School. I have decided to go back and do something about that dead-end feeling. It struck me last week that I shouldn't allow lack of funding to hold me back, and so I am planning on enrolling in the Alternative License program at UCCS and get my Teaching License for Secondary Education. I want to eventually teach High School English. I have always wanted to teach, but my motivation just wasn't at the right level before now, and I figure I am at a stable enough point in my life to make it happen. Of course, it would have been easier to do when I was still and undergraduate, but I guess I'll just have to have faith that this is what I need to be doing right now. It struck me so forcefully that this is what I need to do, so I will trust that and move forward!

Sunday, January 8, 2012

Contemplation

It's been a little over a month since I started my new job, and I still love it. The kids are just so fun to work with! I begin as the cook soon, and so I will not get to work with the kids as much as I would like, but the hours are much nicer, so it's kind of a trade-off. So that is my update as far as the job goes.

As far as everything else, it seems having a job that I like and am good at does not automatically solve all of my other problems. Lately I have just felt a little bit lost. Like there is no forward motion happening in my life. I suppose I have felt this way before, and every time I did, I would move.
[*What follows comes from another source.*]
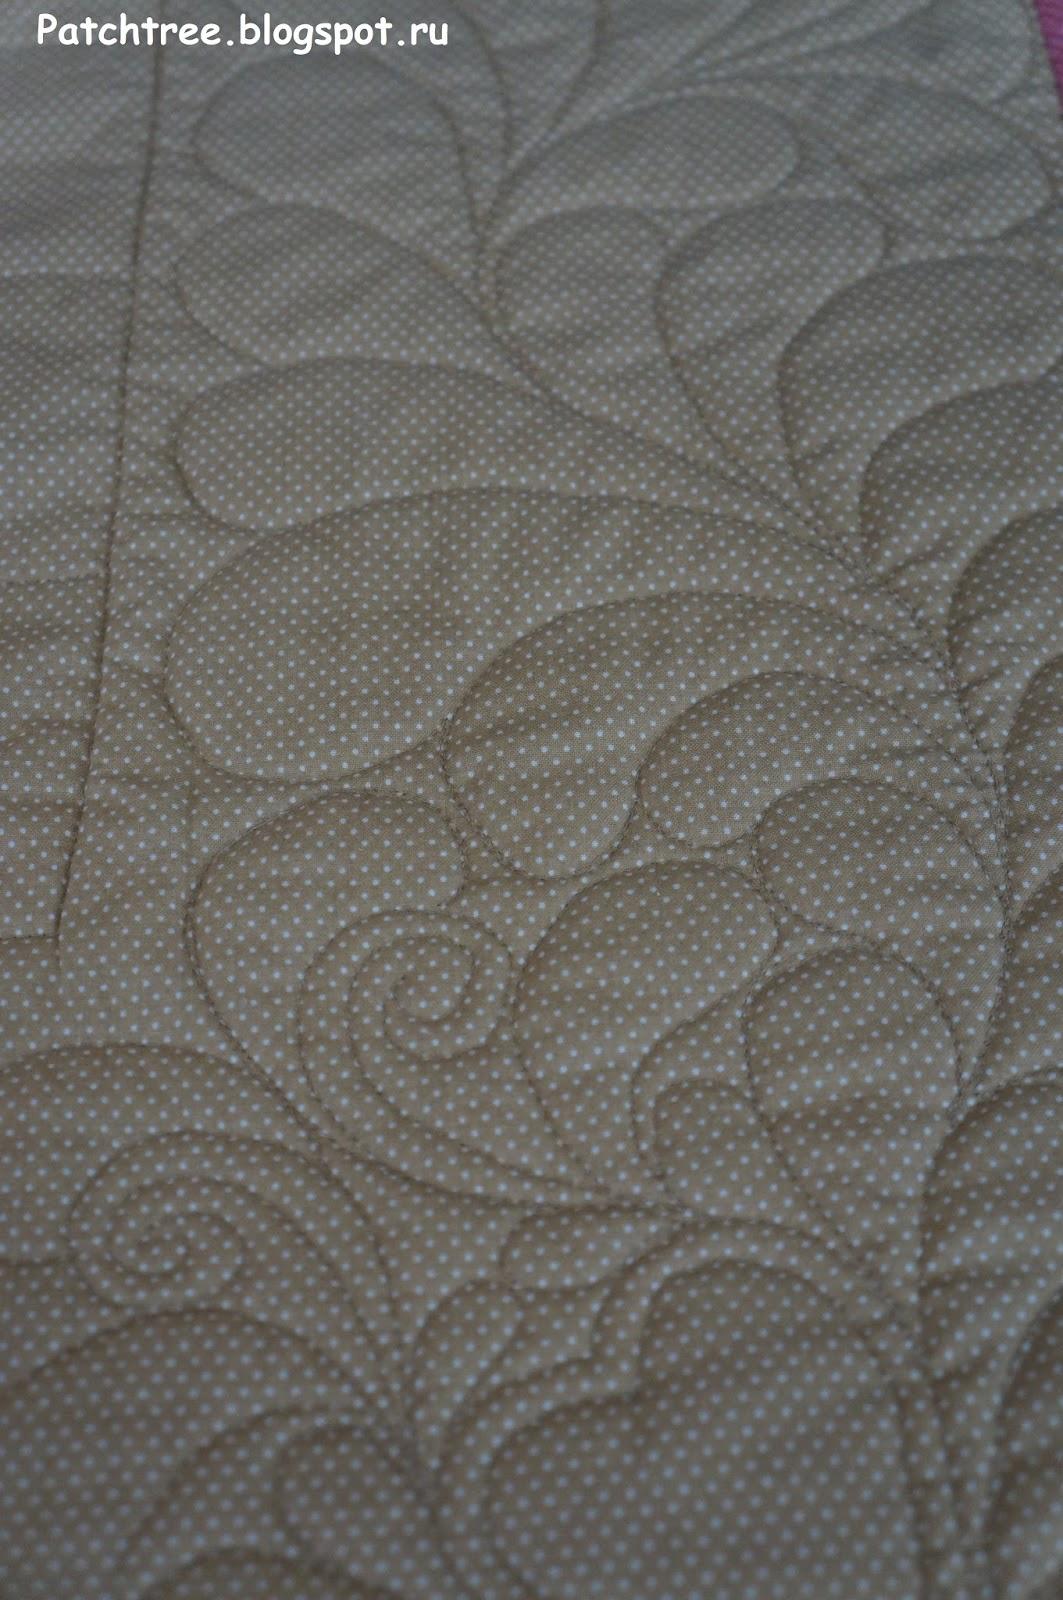 стежка перьями лоскутного одеяла

Move states, move apartment complexes, move out of the country, move back to the states, move out of my family's house. But right now, I have nowhere to go. I can't move. I don't know if I am just getting bored with where I am or if I am discontent with the way my life is going. Before, I could always escape. But there isn't an easy way out of the situation I am in now, and I don't know if changing my surroundings will be at all helpful to me right now.

So what I am left with is the monotony of a never-changing tomorrow that I feel powerless to change. I have a useless degree, a dead-end job, a student loan, and it looks as if very soon I will have to add a car payment to that list. I know I sound like a downer, but I'm not sad or upset, I am just at a loss of what to do next. I suppose I could find a way to keep traveling the world, but I don't believe that will bring me any more satisfaction in life than I have now.

As much as I harp on it, I want a purpose. I want to be needed. I need some kind of responsibility in life. I want to be a wife, a mother, a homemaker. But since thus far I have not even seriously dated, I doubt that I will be in that situation for a long time yet.

So then what? What does one do when denied what they have always viewed as the purpose of their time in this second estate? That is what I am trying to figure out. And so far, I am left a little confused and entirely at a loss.

I know what I want out of life. I know that I was born to a purpose and that I am an immeasurably valuable daughter of God. So what am I supposed to do? There has to be more than what I do now. I just have to find what it is that either I am missing, or that I haven't given enough thought, fasting, and prayer to have received an answer for. Until the day that I find it, I will remain a stalwart, faithful, and humble servant in the Kingdom of our Heavenly Father. And if I say that enough times, maybe one day I will actually become all that I am needed to be.